-------- Dataset content

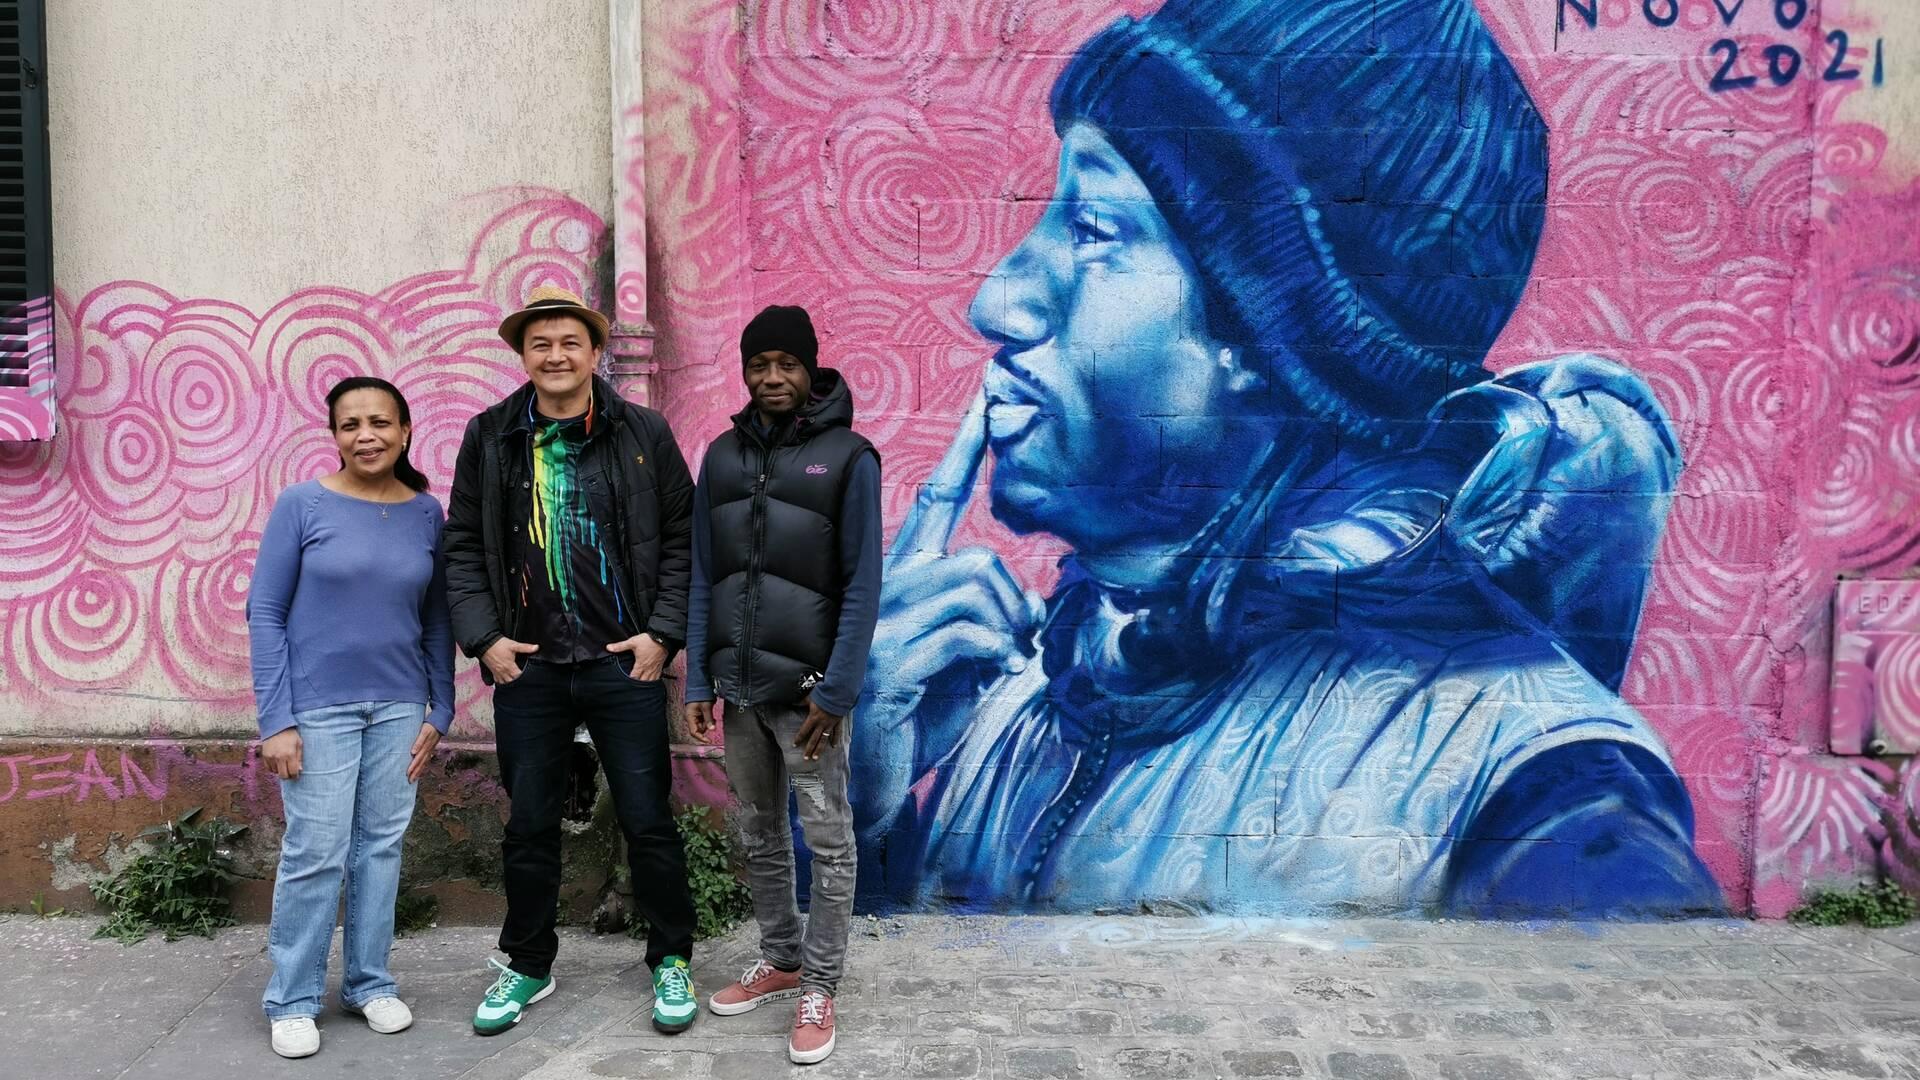 Sitty et Doumbia avec l'artiste Ernesto Novo - crédit Office de tourisme Plaine Commune Grand Paris
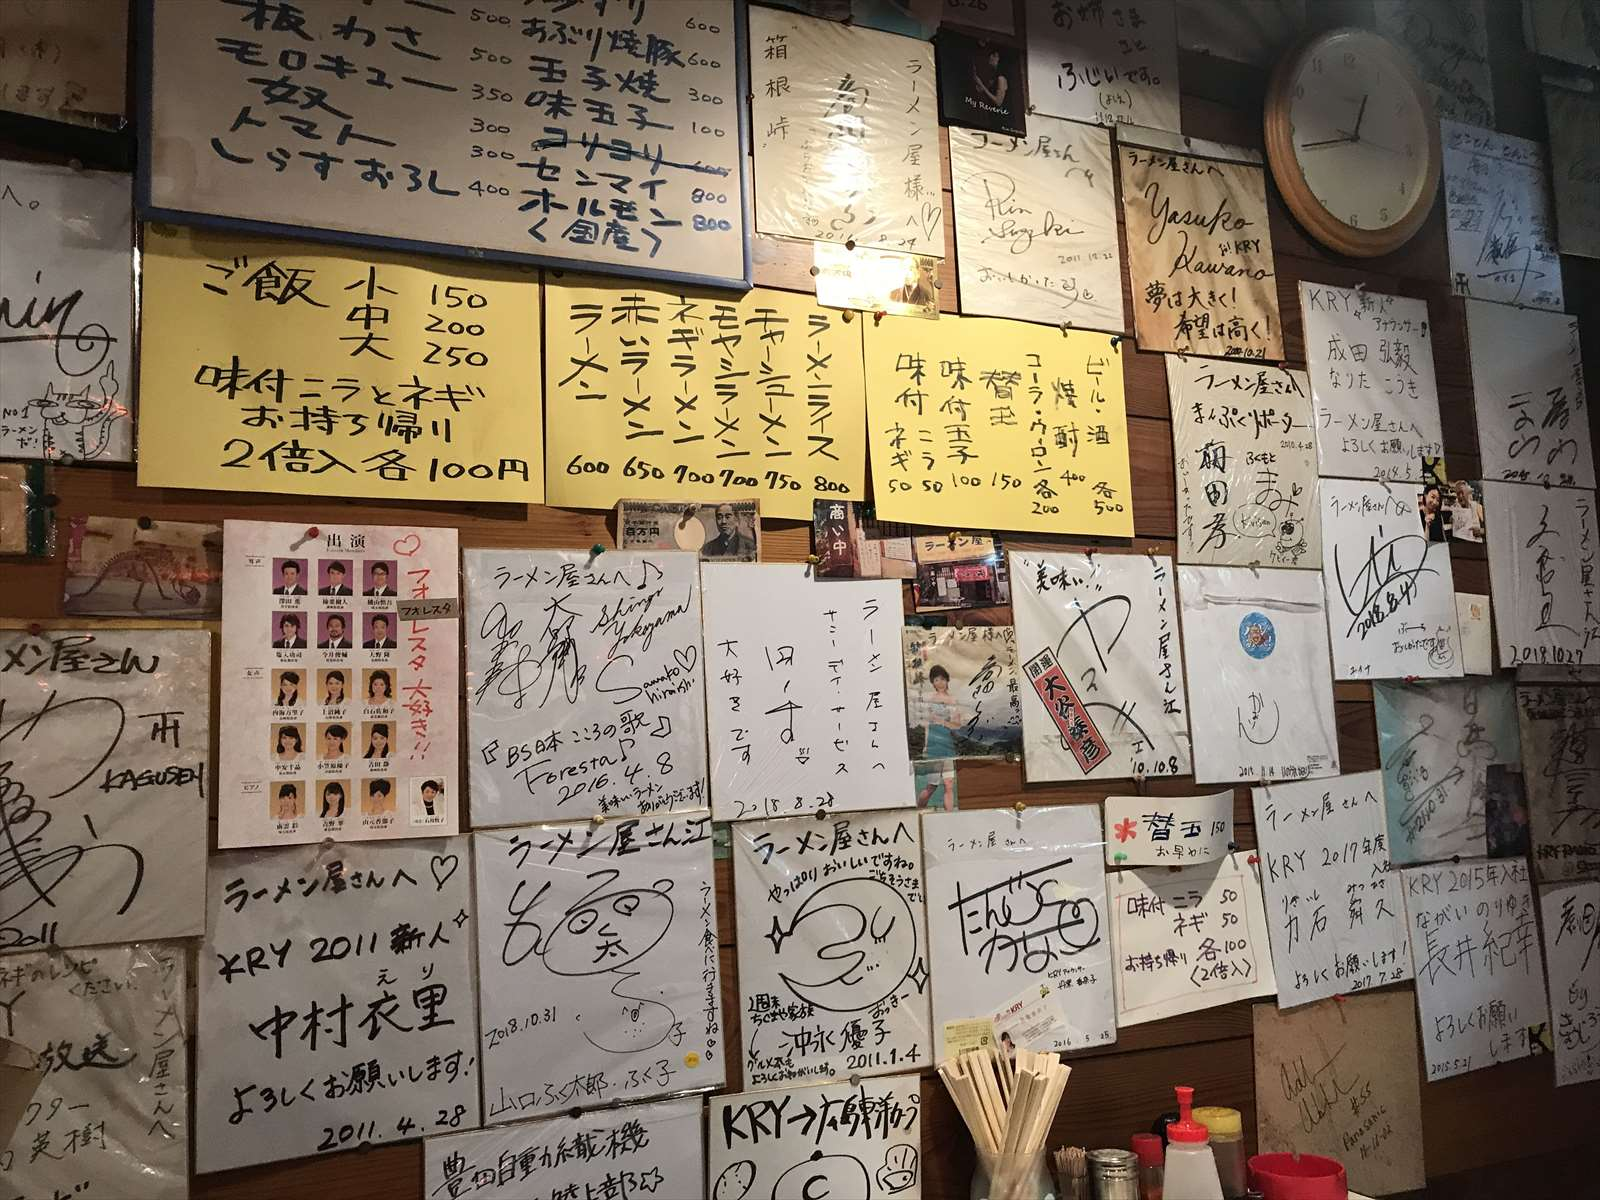 壁にはサイン
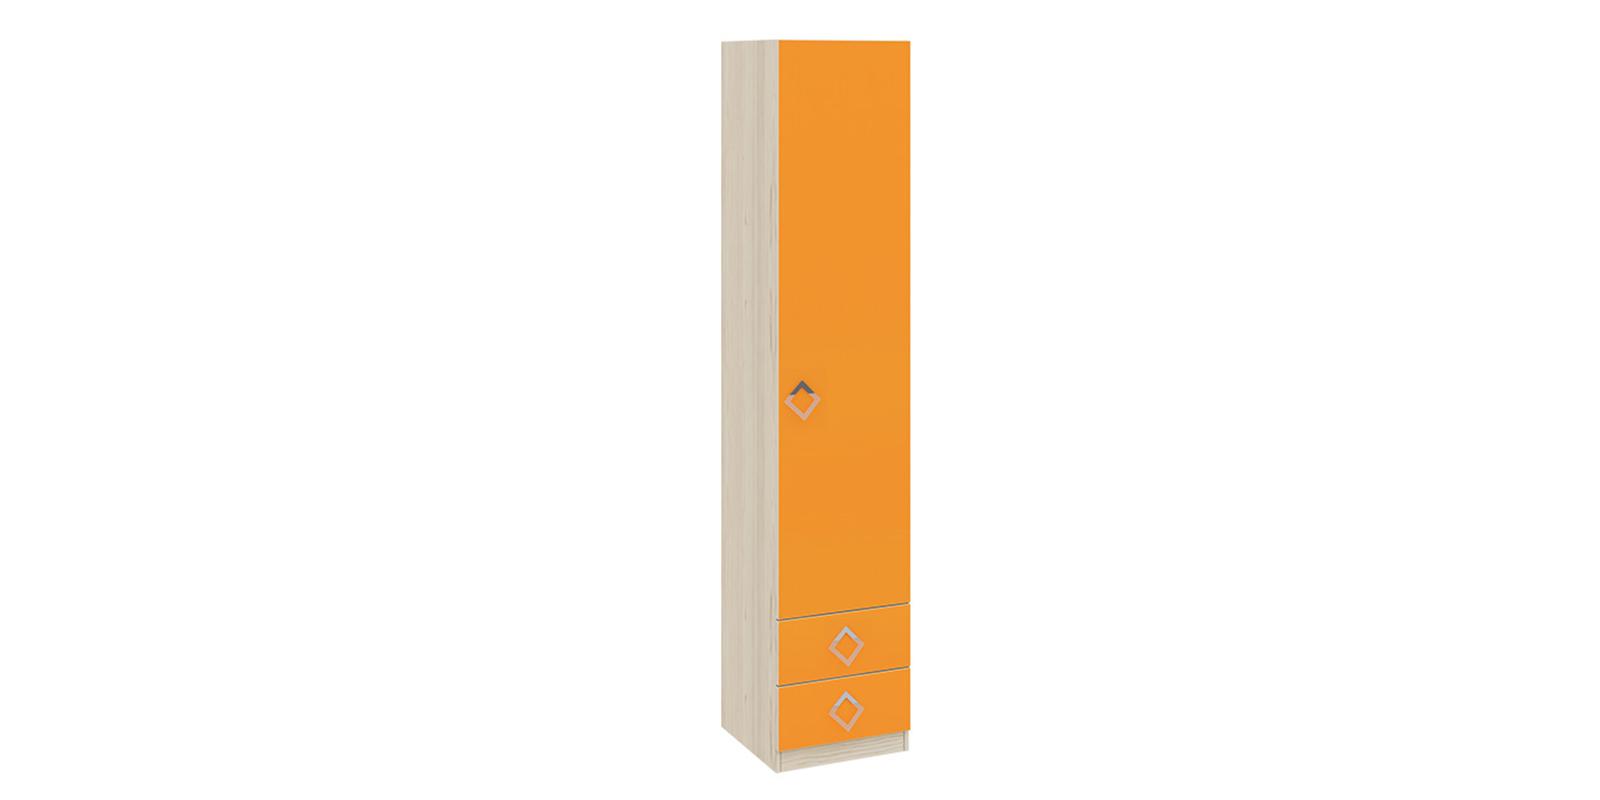 Шкаф распашной однодверный Салоу вариант №2 (каттхилт/манго)

----------------

What the task requires | Copy out every line of the data above, taking care to leave the pictures out.

Problem solution |
 Sitty et Doumbia avec l'artiste Ernesto Novo - crédit Office de tourisme Plaine Commune Grand Paris
 壁にはサイン
 Шкаф распашной однодверный Салоу вариант №2 (каттхилт/манго)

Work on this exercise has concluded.